Basic Science Investigations

Cooperative Effect of Radioimmunotherapy and Antiangiogenic Therapy with Thalidomide in Human Cancer Xenografts

Seigo Kinuya, MD1, Atsuhiro Kawashima, MD2, Kunihiko Yokoyama, MD1, Kiyoshi Koshida, MD3, Shota Konishi, MD1, Naoto Watanabe, MD4, Noriyuki Shuke, MD5, Hisashi Bunko, MD6, Takatoshi Michigishi, MD1 and Norihisa Tonami, MD1

1 Department of Biotracer Medicine, Kanazawa University Graduate School of Medical Sciences, Kanazawa, Japan
2 Department of Molecular and Cellular Pathology, Kanazawa University Graduate School of Medical Sciences, Kanazawa, Japan
3 Department of Integrative Cancer Therapy and Urology, Kanazawa University Graduate School of Medical Sciences, Kanazawa, Japan
4 Department of Radiology, Toyama Medical and Pharmaceutical University, Toyama, Japan
5 Department of Radiology, Asahikawa Medical College, Asahikawa, Japan
6 Medical Informatics, Kanazawa University Hospital, Kanazawa, Japan

Antiangiogenic therapy may prolong the dormancy of cancer lesions.
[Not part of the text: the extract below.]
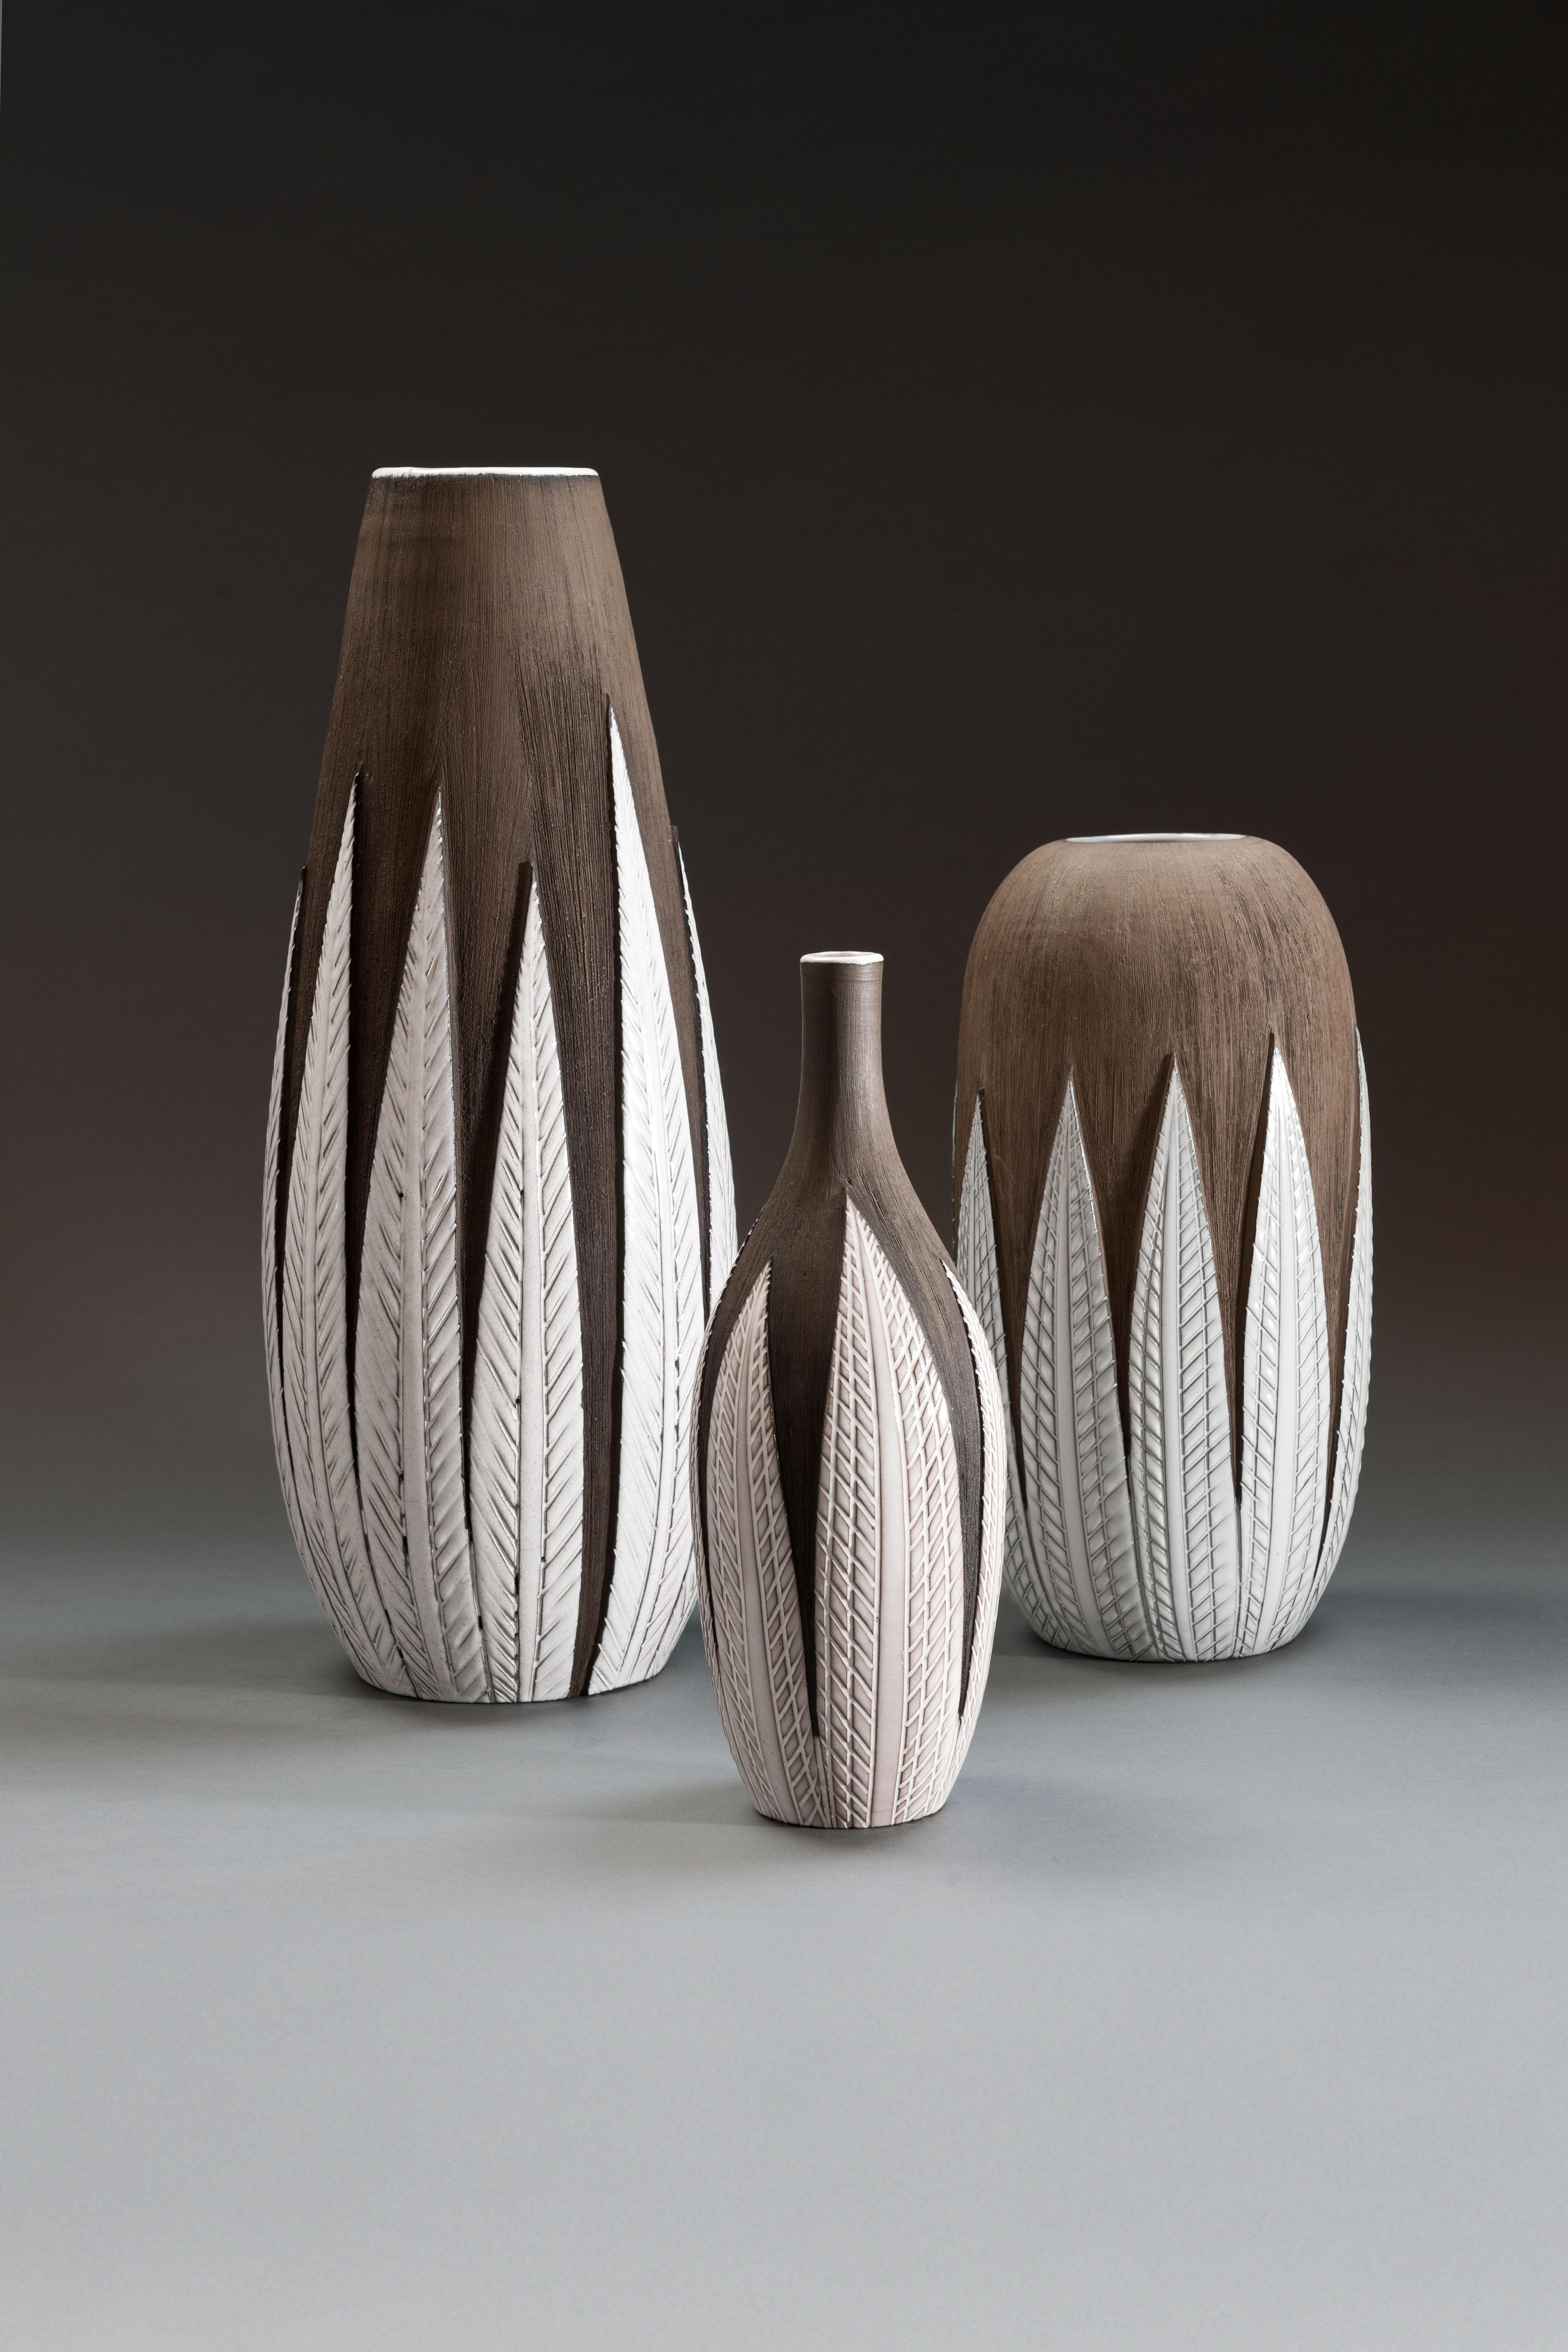 Scandinavian Modern Anna-Lisa Thomson Ceramic 'Paprika' Vases (3) by Upsala Ekeby For Sale

Moreover, radioimmunotherapy (RIT) may eradicate this population of cells. This study dealt with determining the benefits associated with the combined usefulness of these 2 therapies with respect to inhibition of tumor growth. Methods: Antiangiogenic therapy using oral thalidomide (daily dose, 200 mg/kg) and RIT involving a single intravenous injection (4.63 MBq 131I-A7, an IgG1 murine monoclonal antibody) were conducted in mice bearing LS180 human colon cancer xenografts. RIT with an irrelevant IgG1, HPMS-1, was also performed as a control. Antiangiogenesis of thalidomide was investigated by immunohistochemical analysis of tumor sections. Results: Antiangiogenic therapy and RIT with 131I-A7 significantly suppressed the growth of xenografts. This combination produced more efficient tumor growth inhibition than did the monotherapy (P < 0.005). RIT using 131I-HPMS-1 was far less effective than 131I-A7, even when combined with thalidomide administration. Immunohistochemistry revealed a decrease in the microvessel number within tumors treated with thalidomide (P < 0.0001). Combined therapy further reduced the microvessel number (P < 0.01 vs. thalidomide monotherapy). Conclusion: The combination of RIT and thalidomide antiangiogenic therapy produces a better response of tumors than does monotherapy. Acting in concert, antiangiogenic therapy may prolong the dormancy of cancer lesions and RIT may eradicate this population of cells.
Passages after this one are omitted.